In my previous post, I posted the raw footage recorded from the Nexø II onboard cameras. These videos give an excellent qualitative indication of how well the video downlink worked. I have now also processed the received telemetry data and have a more quantitative idea of the performance.
The first graph shows the bit error rate (red curve) and the rocket altitude (blue curve) as a function of time. The altitude is useful because it shows when important events like apogee and parachute deployment happen. Unfortunately, the bit error rate is in unknown units, but at least we know that 0 means no errors, non-zero means there are errors, and a higher number means more errors than a lower number.
The second graph shows the received packet rate (red curve) and the rocket altitude (blue curve) as a function of time. As we can see from the graph, we have a steady packet rate with only a few dropouts. The large dropout shortly after apogee is caused by the ballute deployment.

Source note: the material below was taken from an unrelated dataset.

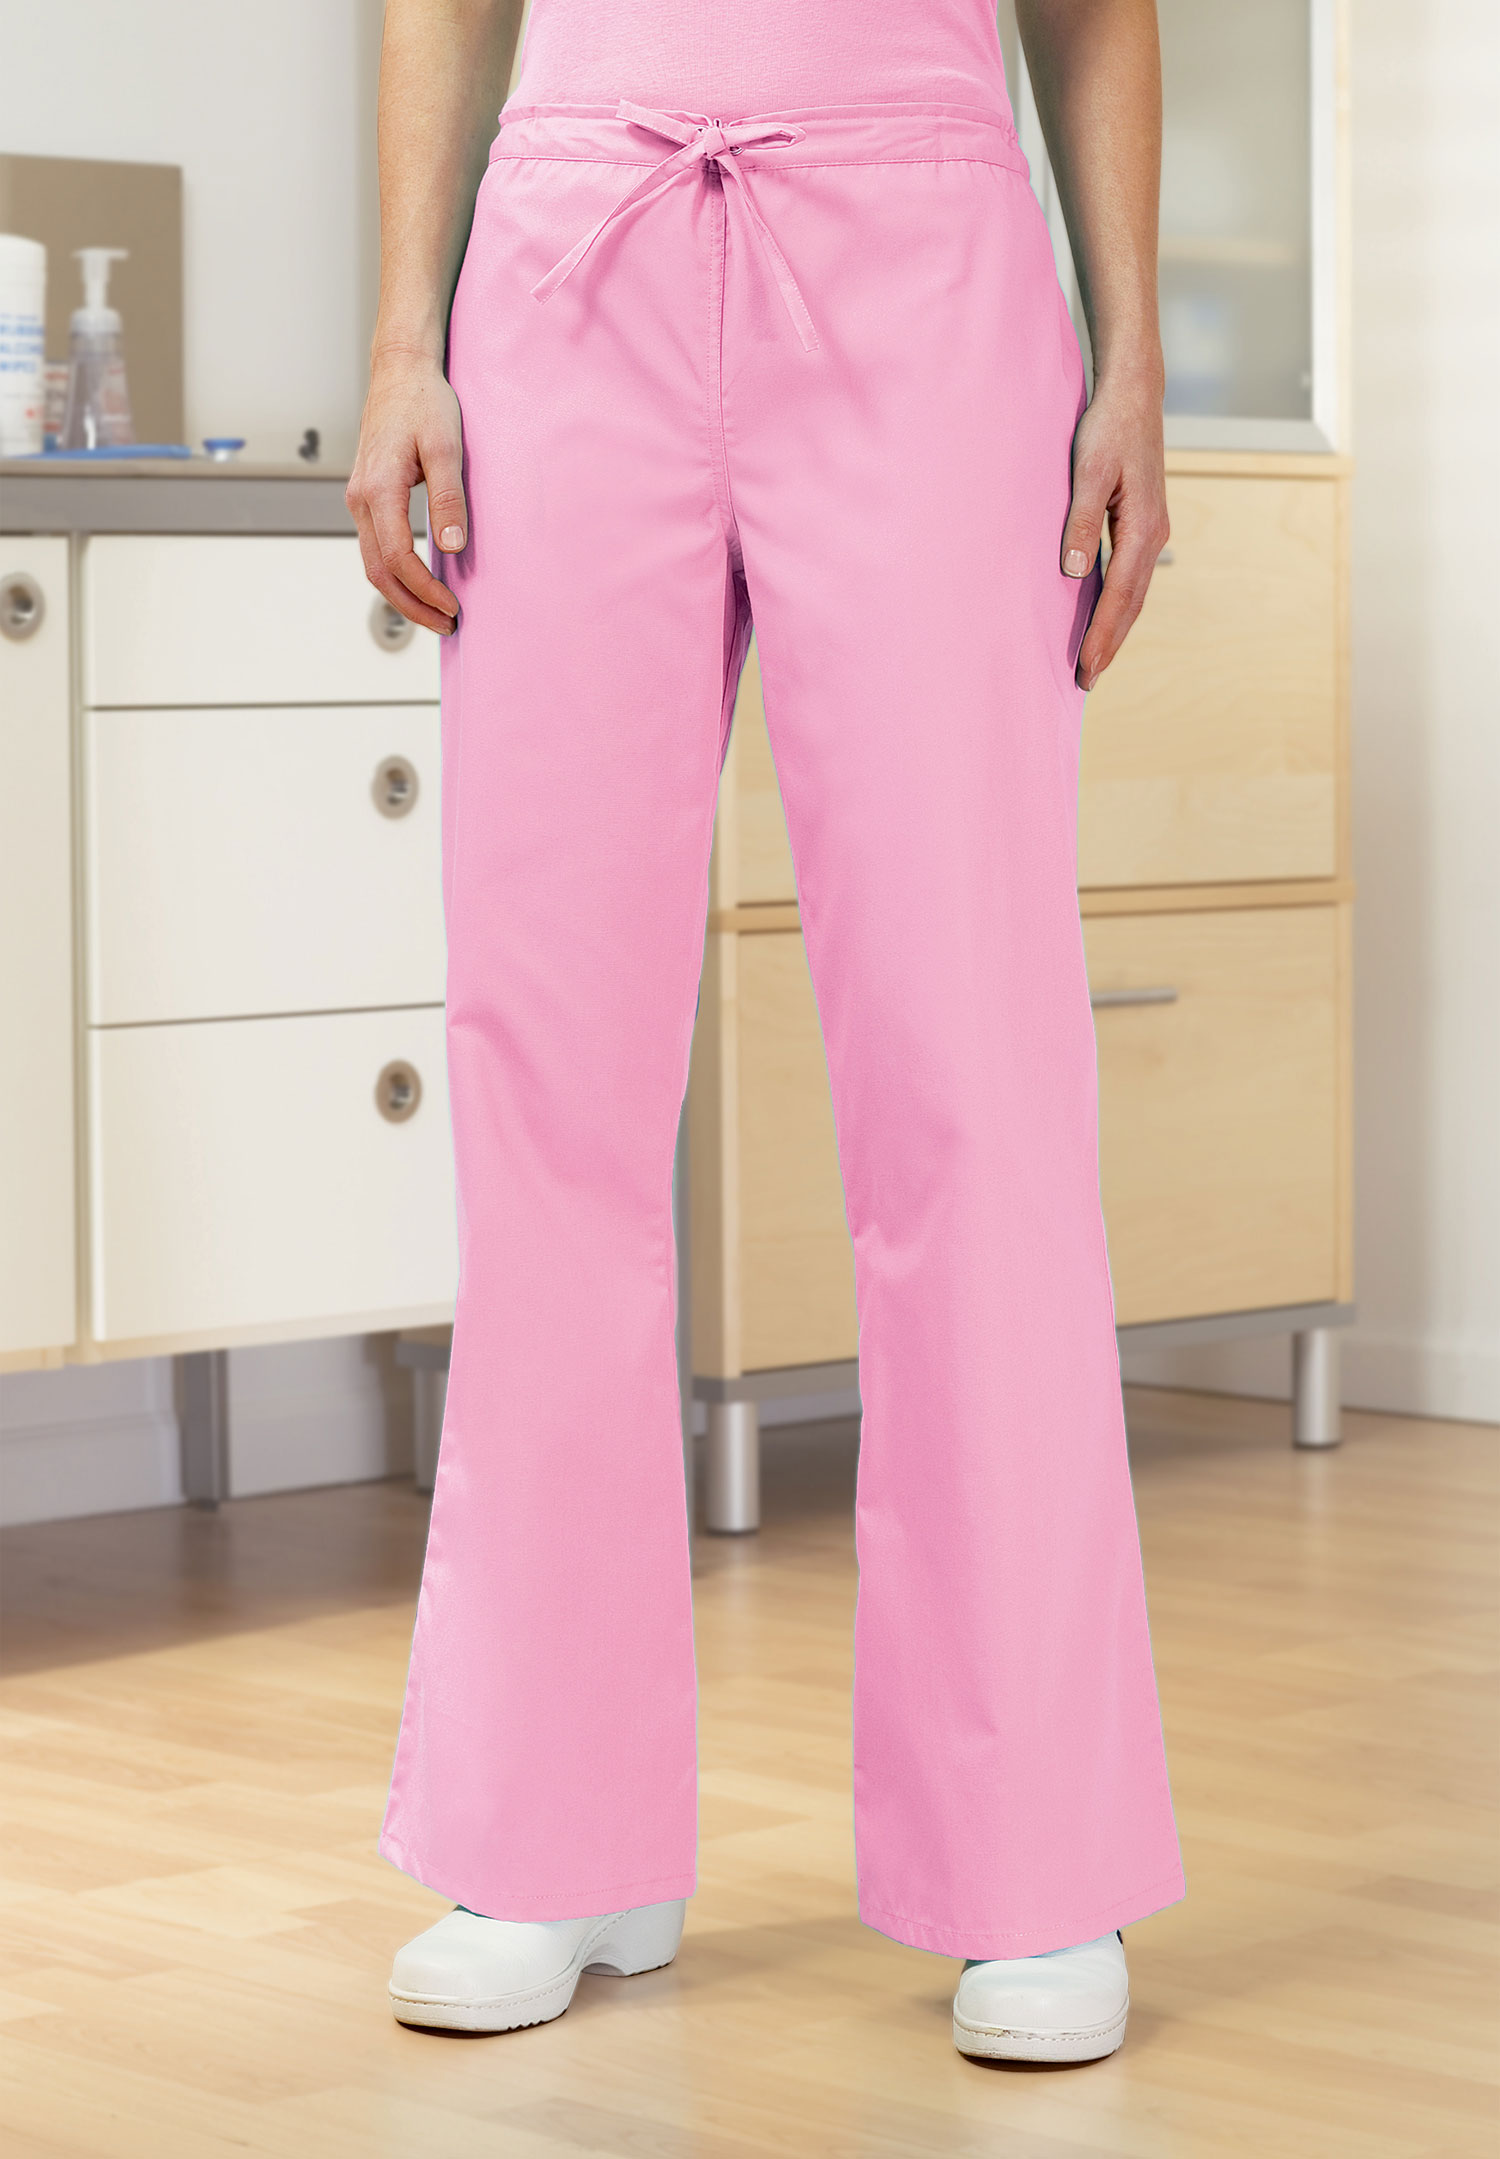 Essentials Flat Front Drawstring Scrub Pant
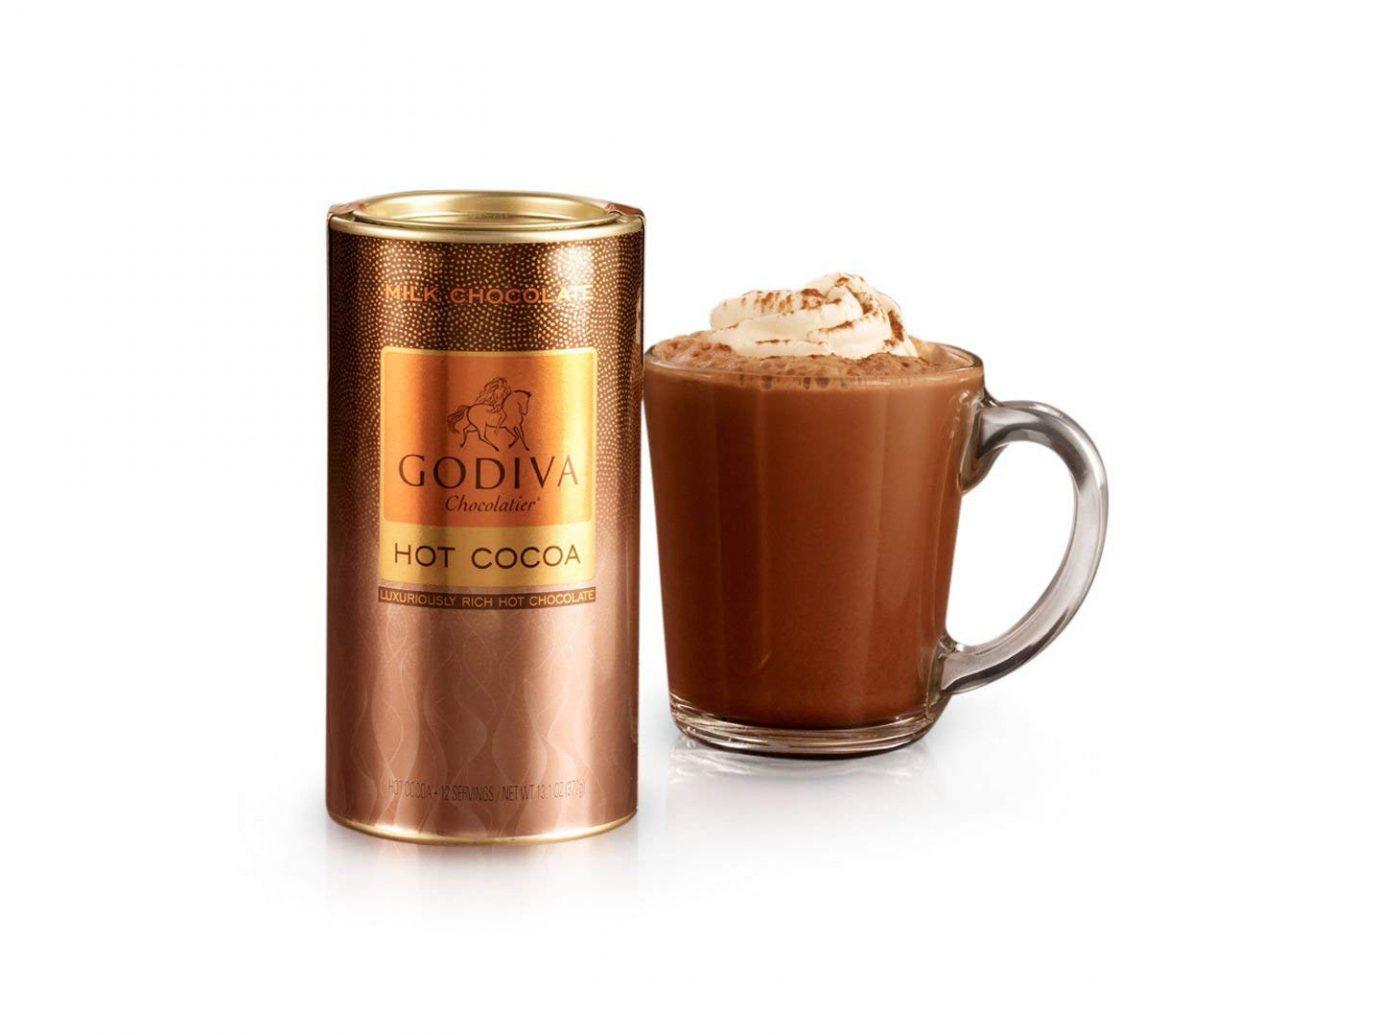 Hot Cocoa: GODIVA Chocolatier Milk Chocolate Hot Cocoa Canister

The Linux driver for TBS 6902 tuner card we used in the receiver gives us many interesting receiver diagnostics, including RX lock, RSSI, SNR, and BER. Unfortunately, most of these come in unknown units, basically a number between 0 and 65535. Interestingly, the windows software shows meaningful numbers, such as 15 dB SNR. Why can’t the Linux driver give us the same? Please, do let me know if you have any information about it.